WHAT IS BEING ASKED - Find the line that holds "Lyon Management Company" in the material below. Output that line and each one after it exactly, but not the pictures.

INFORMATION SUPPLIED -
======

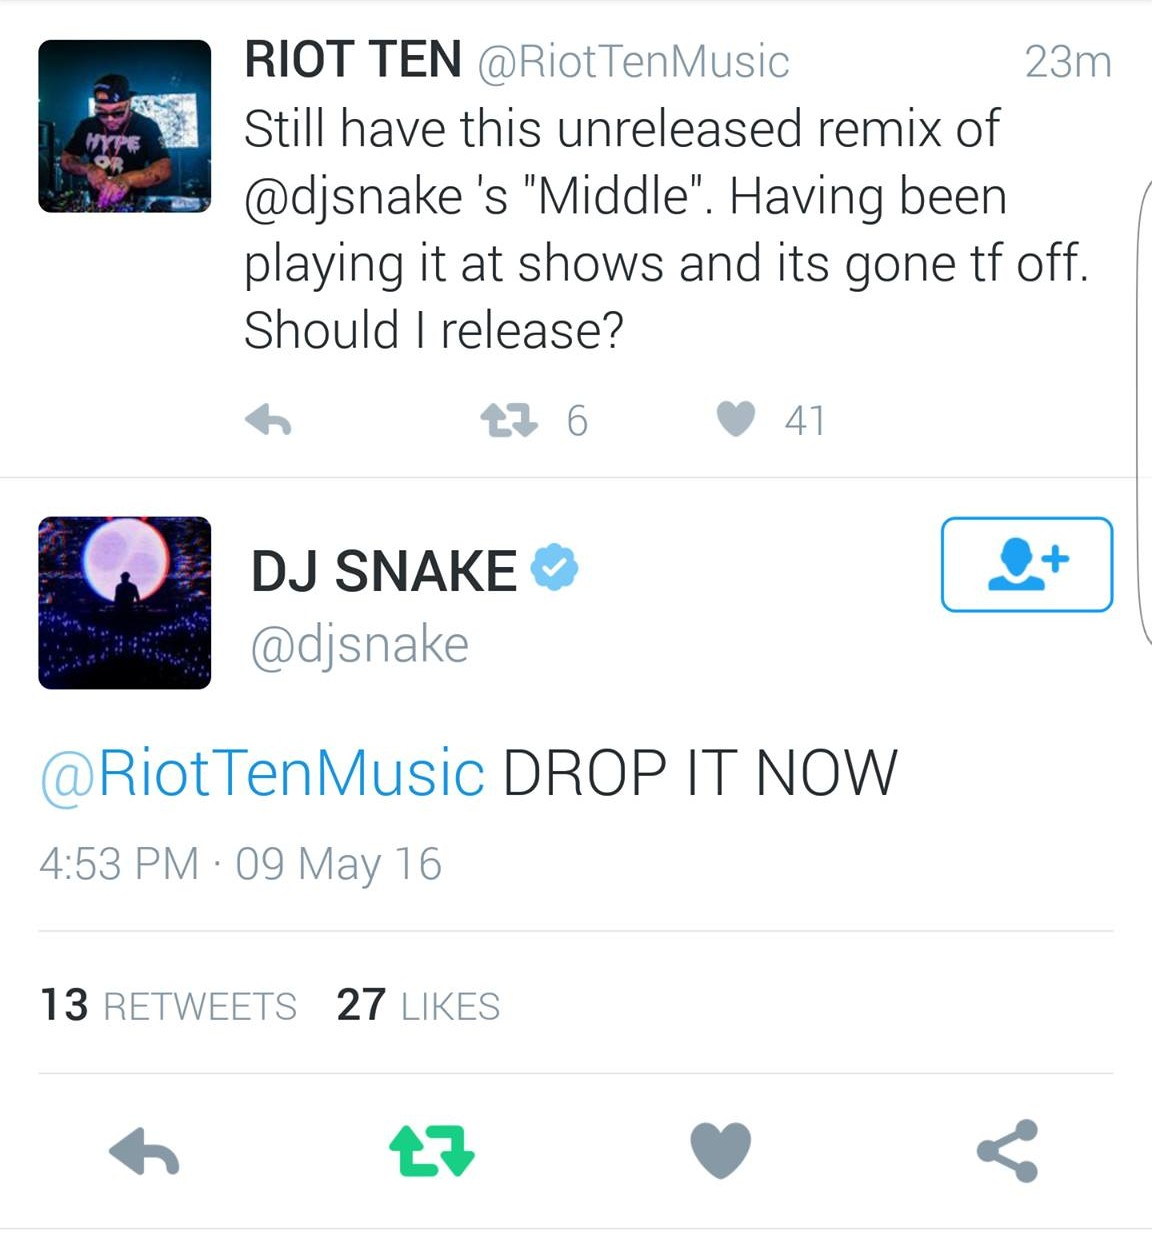 dj snake riot ten middle remix twitter
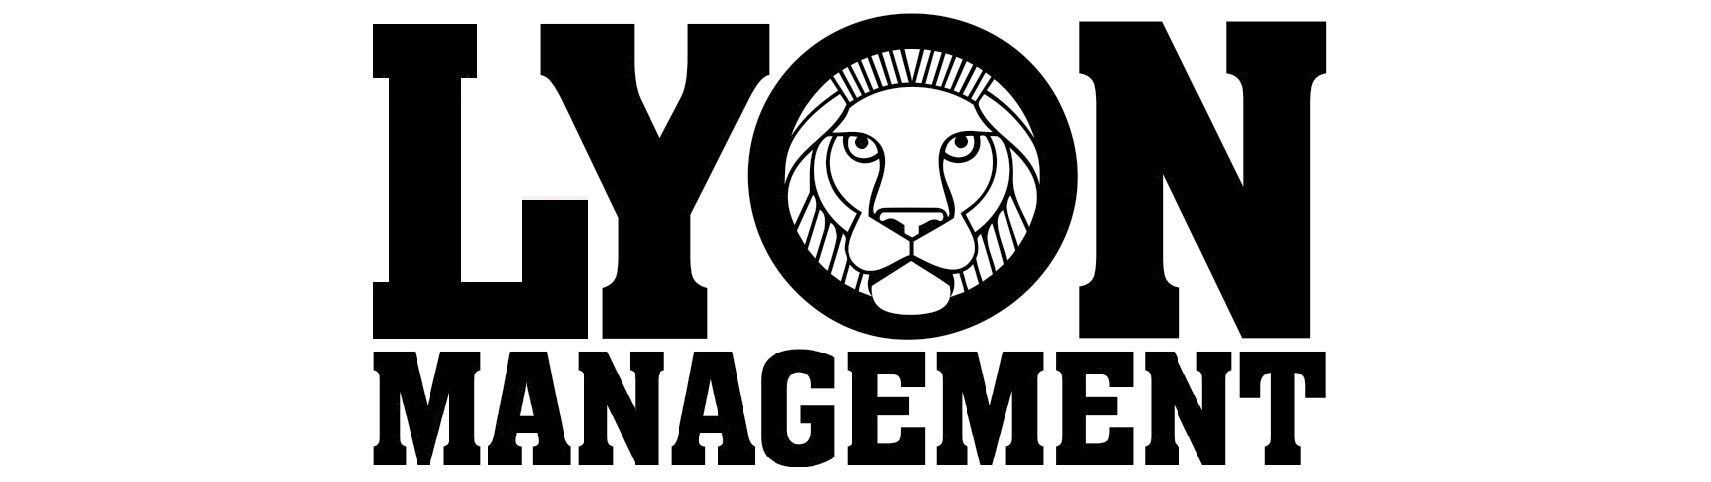 Lyon Management Company
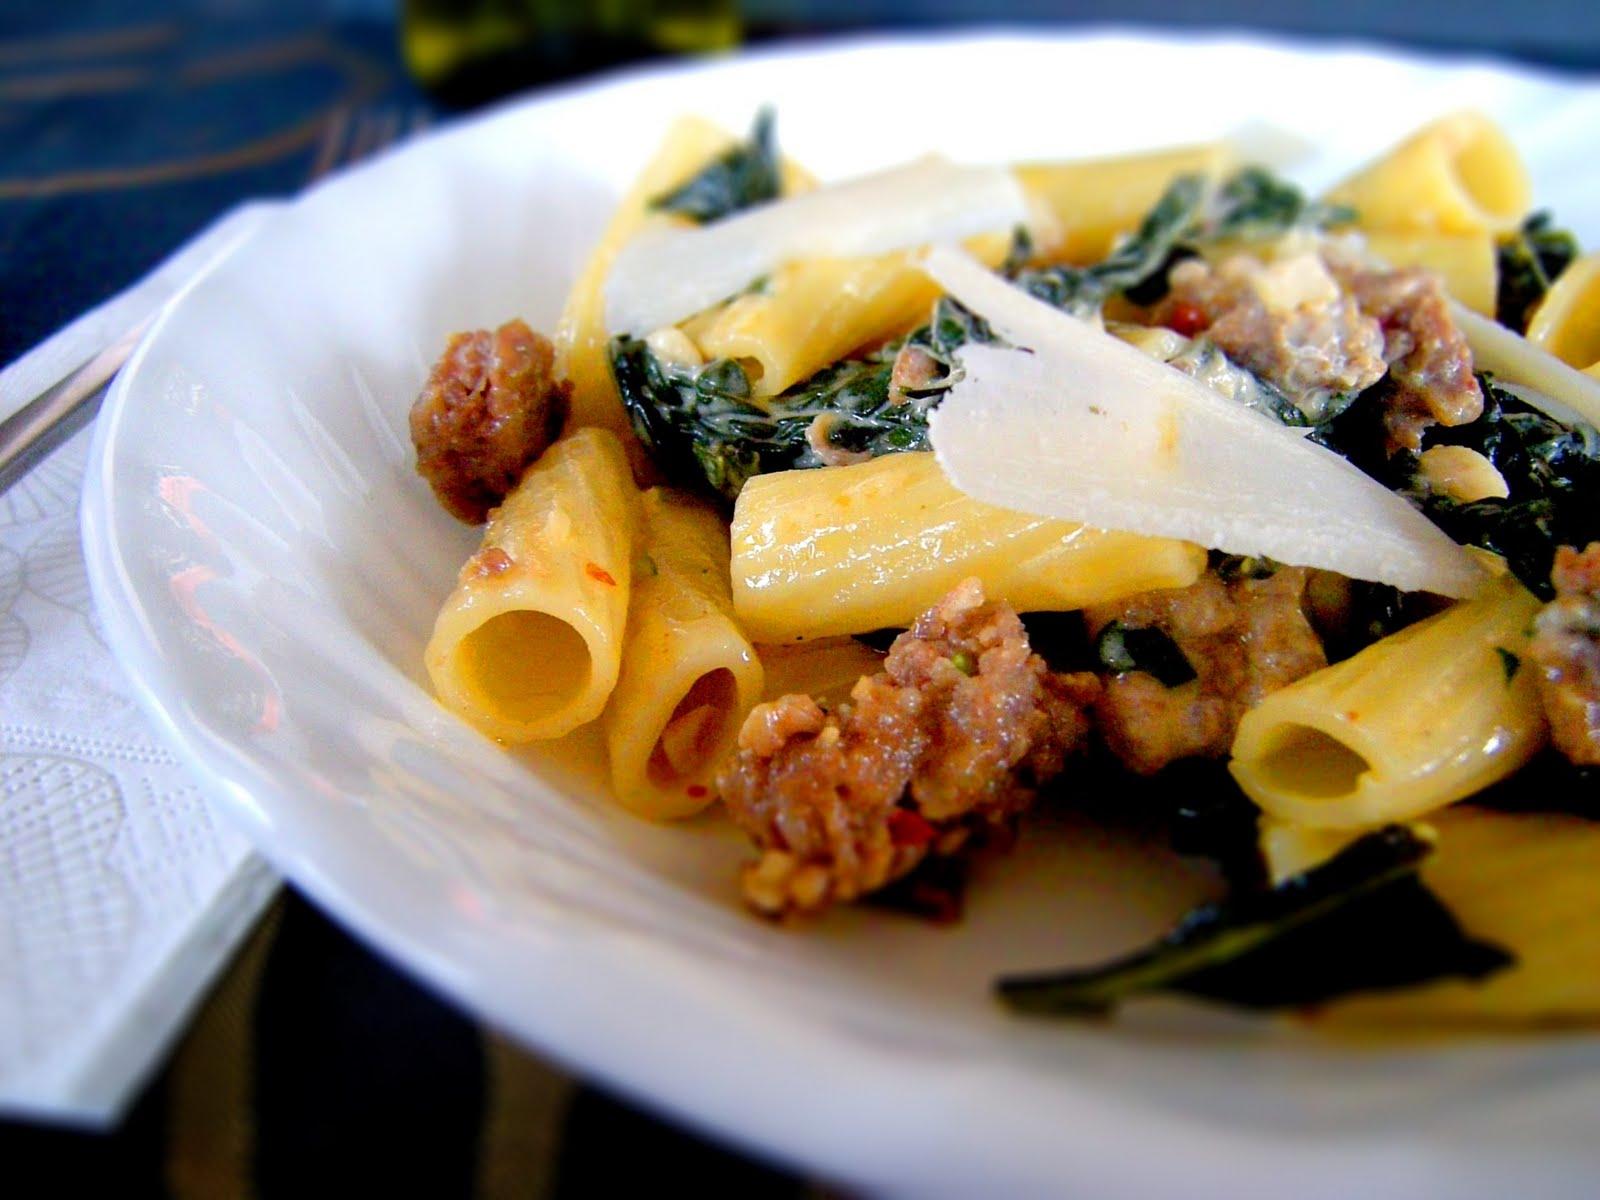 Crafty Lass: Pasta with Kale, Sausage & Cream

======

FINISHED EXERCISE -
 Lyon Management Company
 Crafty Lass: Pasta with Kale, Sausage & Cream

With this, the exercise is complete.